Être «le» représentant genevois à Palexpo, perpétuer la légende née avec Serge David et Charly Tonus, prolongée par Marc Ristori et Julien Bill, puis par Arnaud Tonus: une sacrée gageure. Cette année, ce rôle a été dévolu à Tim Jaunin, qui a remporté les deux soirs le repêchage: «Gagner, c’est toujours sympa, même si ce ne furent pas les courses les plus prestigieuses du week-end», glisse-t-il. «Ce sont des moments importants, parce qu’il y a ce public, cette ambiance, mais c’est aussi positif parce que cela vous place dans de bonnes dispositions pour la finale.»

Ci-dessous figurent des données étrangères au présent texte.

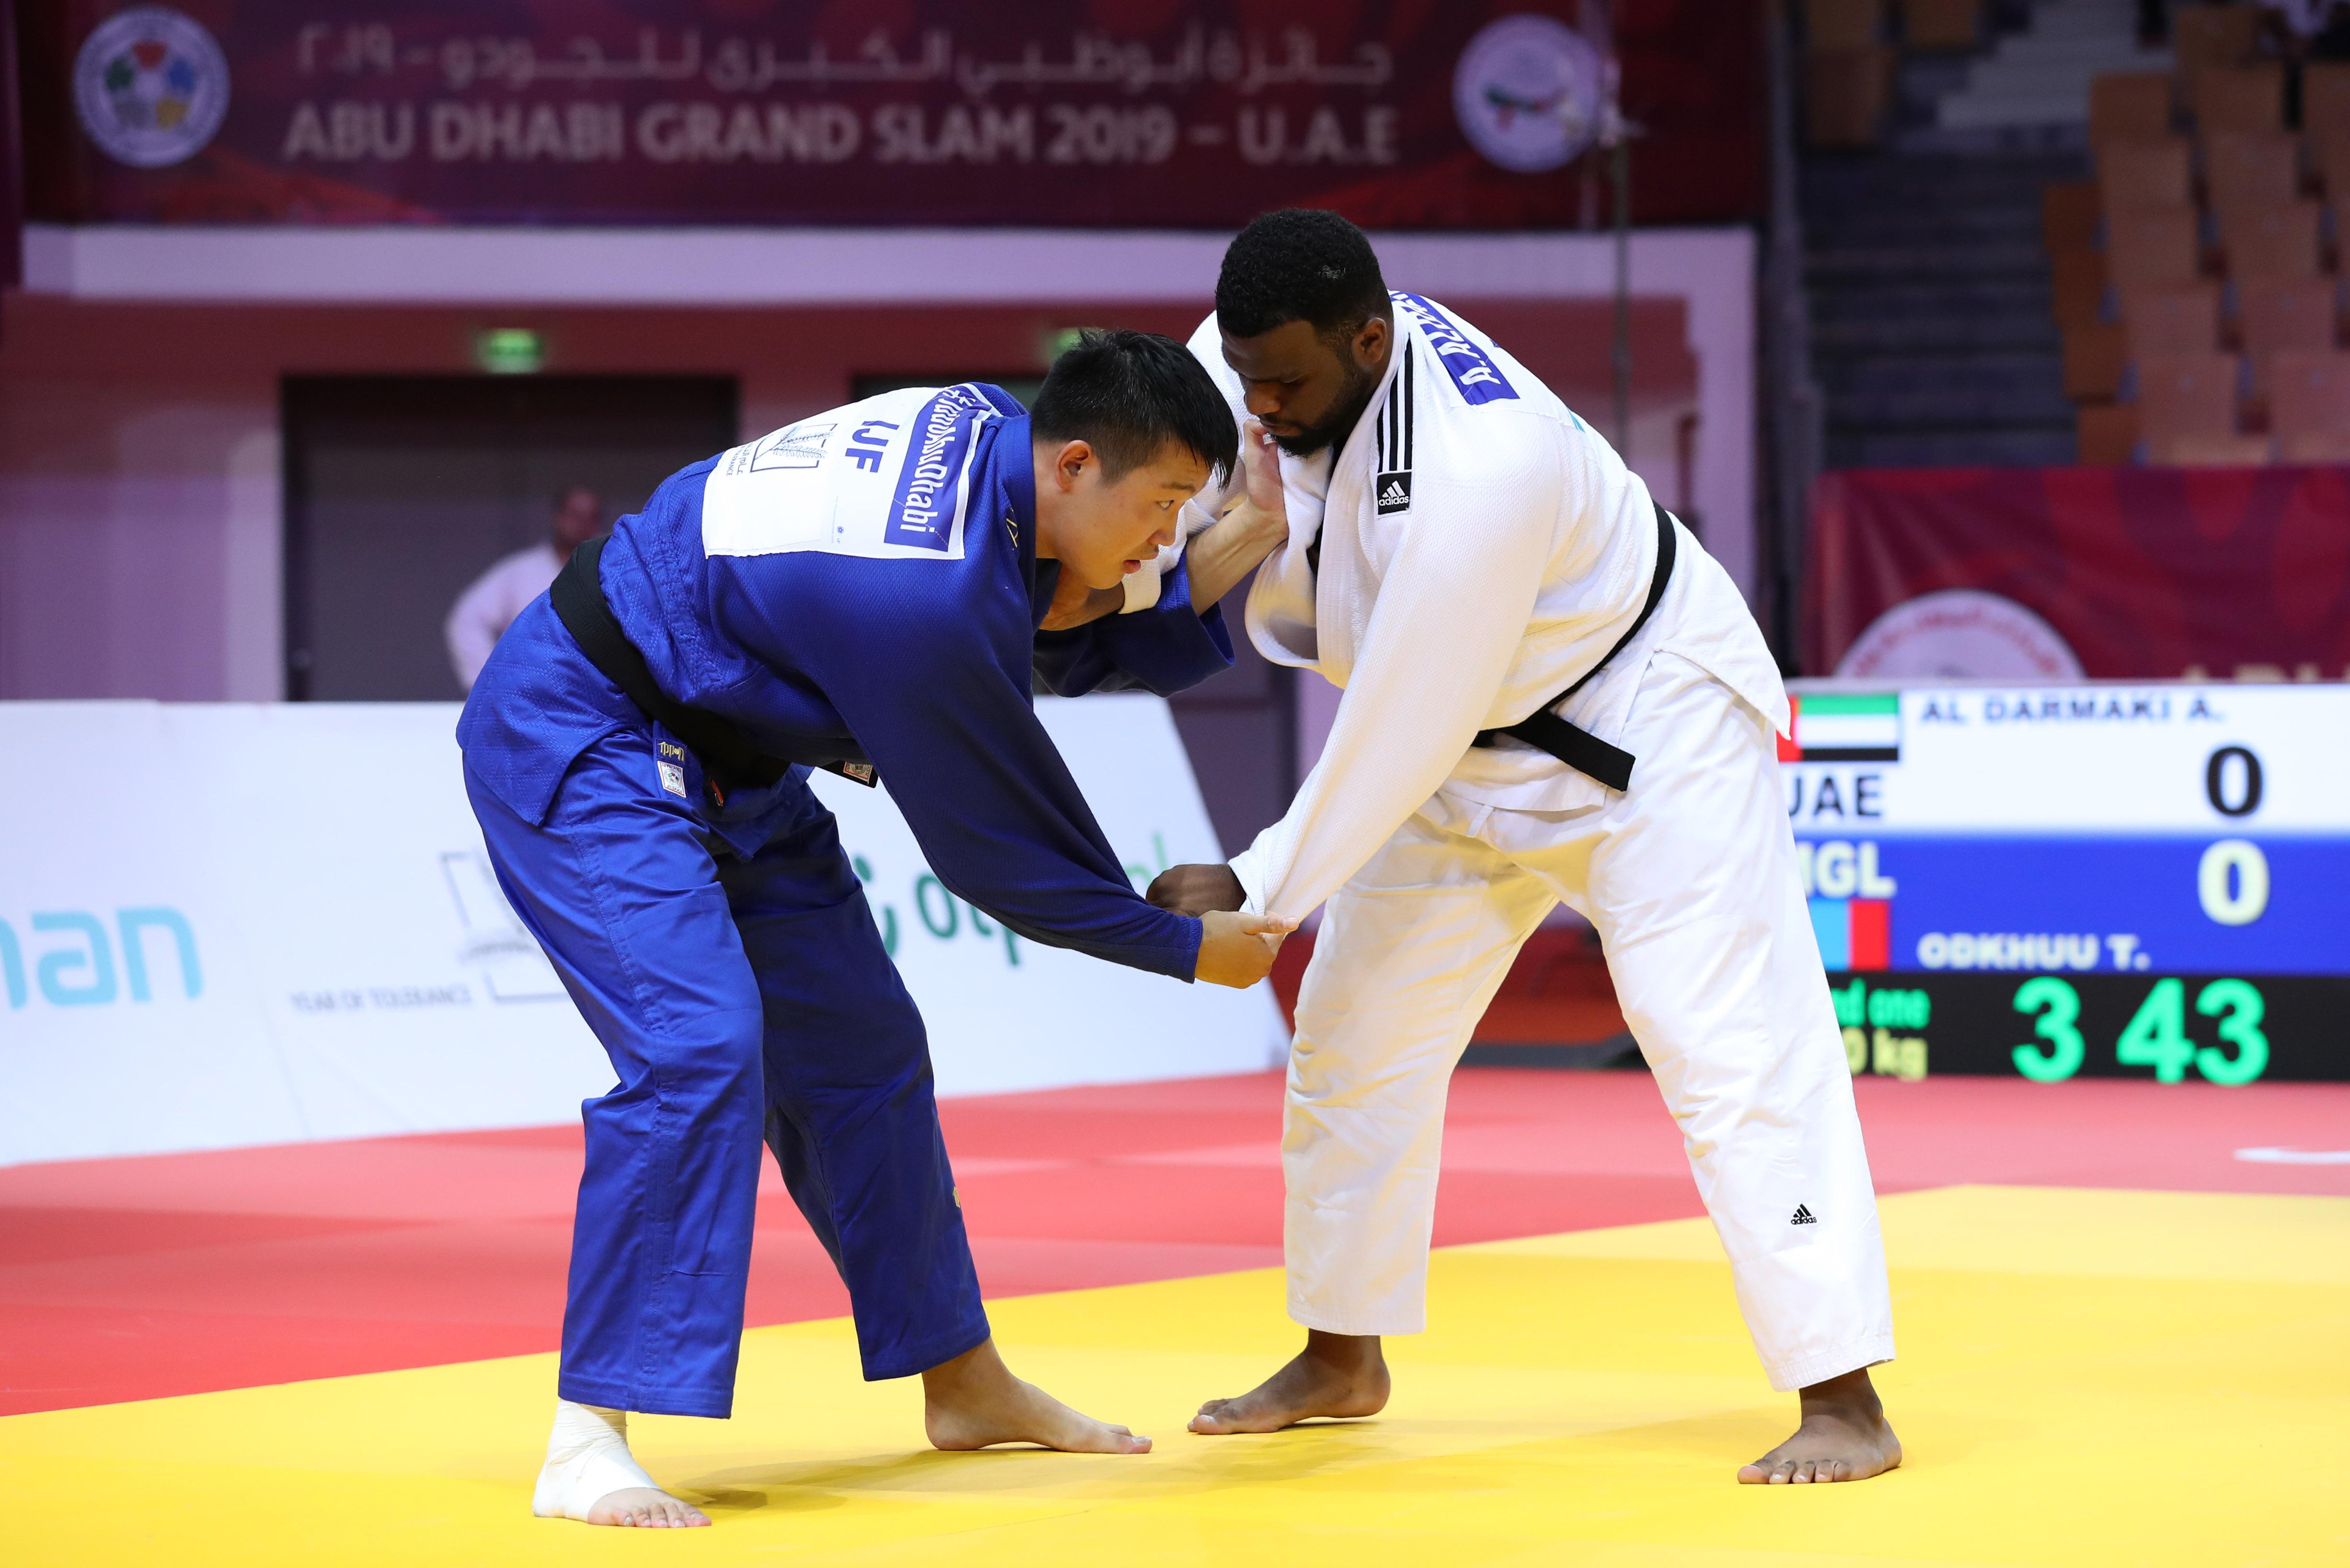 جودو الإمارات يشارك في /ماسترز الدوحة/ استعدادا لأولمبياد طوكيو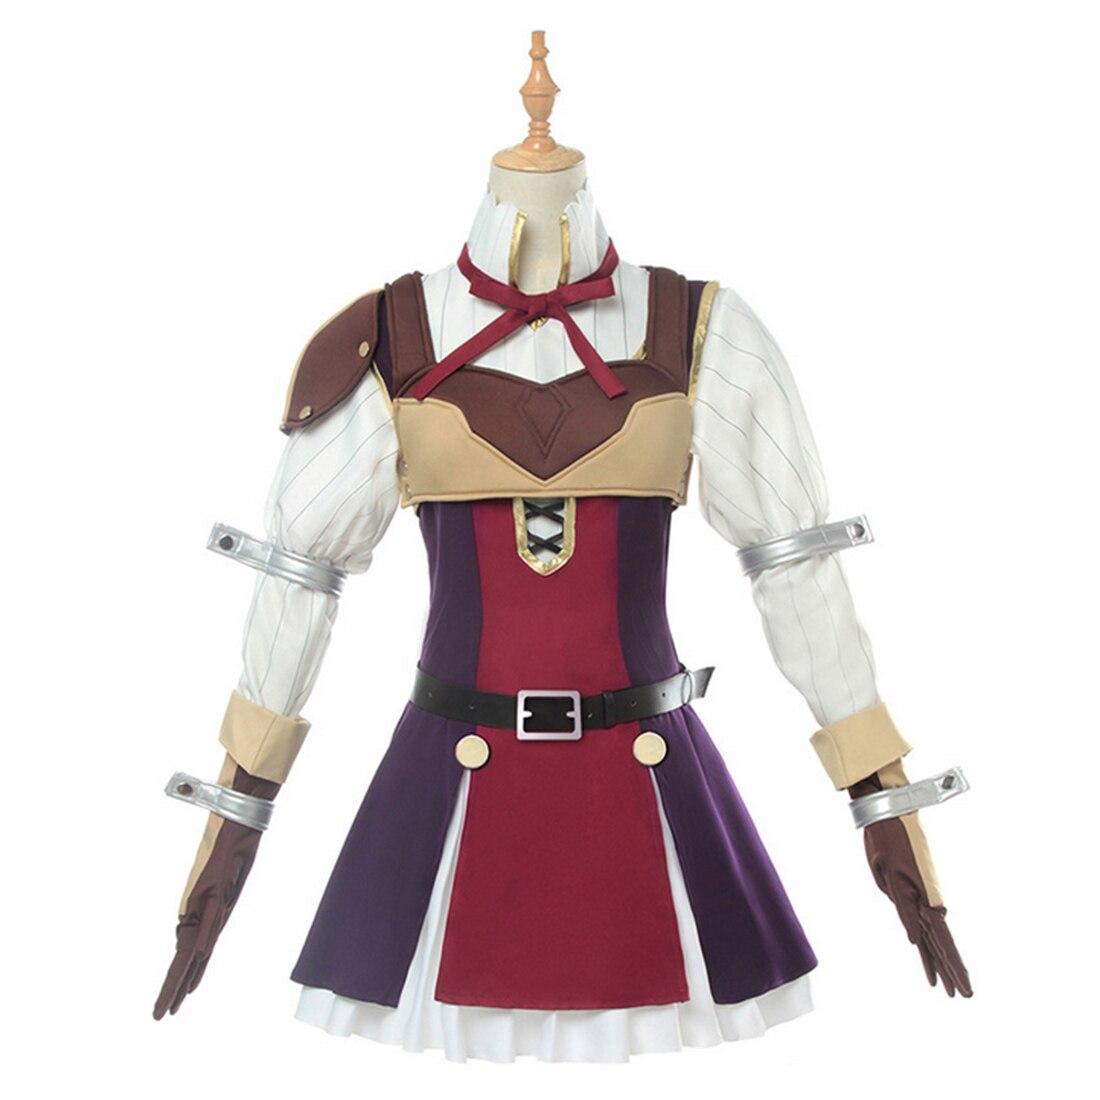 Fiesta y adornos DIY para fiesta para el levantamiento del héroe escudo para disfraz de Cosplay Raphtalia disfraz de Anime japonés vestido para niñas

Douzième de la classe SX2 vendredi, 14e samedi, le Genevois a eu tout loisir de mesurer l’importance de l’entraînement spécifique au supercross. Alors que ses adversaires du SX Tour en étaient déjà à cinq week-ends de compétition – «Ils ont tous entre dix et quinze SX dans les pattes quand ils débarquent à Genève», Tim ne prenait que son deuxième départ dans la discipline cette année: «Et encore, c’était à Milan, dans ce qui était plus un motocross typé SX. Jusqu’en 2016, le SX Tour comprenait deux phases; après les épreuves en extérieur, les dix premiers du classement intermédiaire étaient qualifiés pour le indoor; le plateau était complété par quatre pilotes au bénéfice de wild cards. J’en avais alors profité. Désormais, il n’y a plus qu’un seul championnat et le promoteur privilégie logiquement ceux qui participent à toutes les courses. Or, il y a plusieurs collisions de dates avec le championnat de Suisse qui, pour nos partenaires, reste important.» J.-C.S.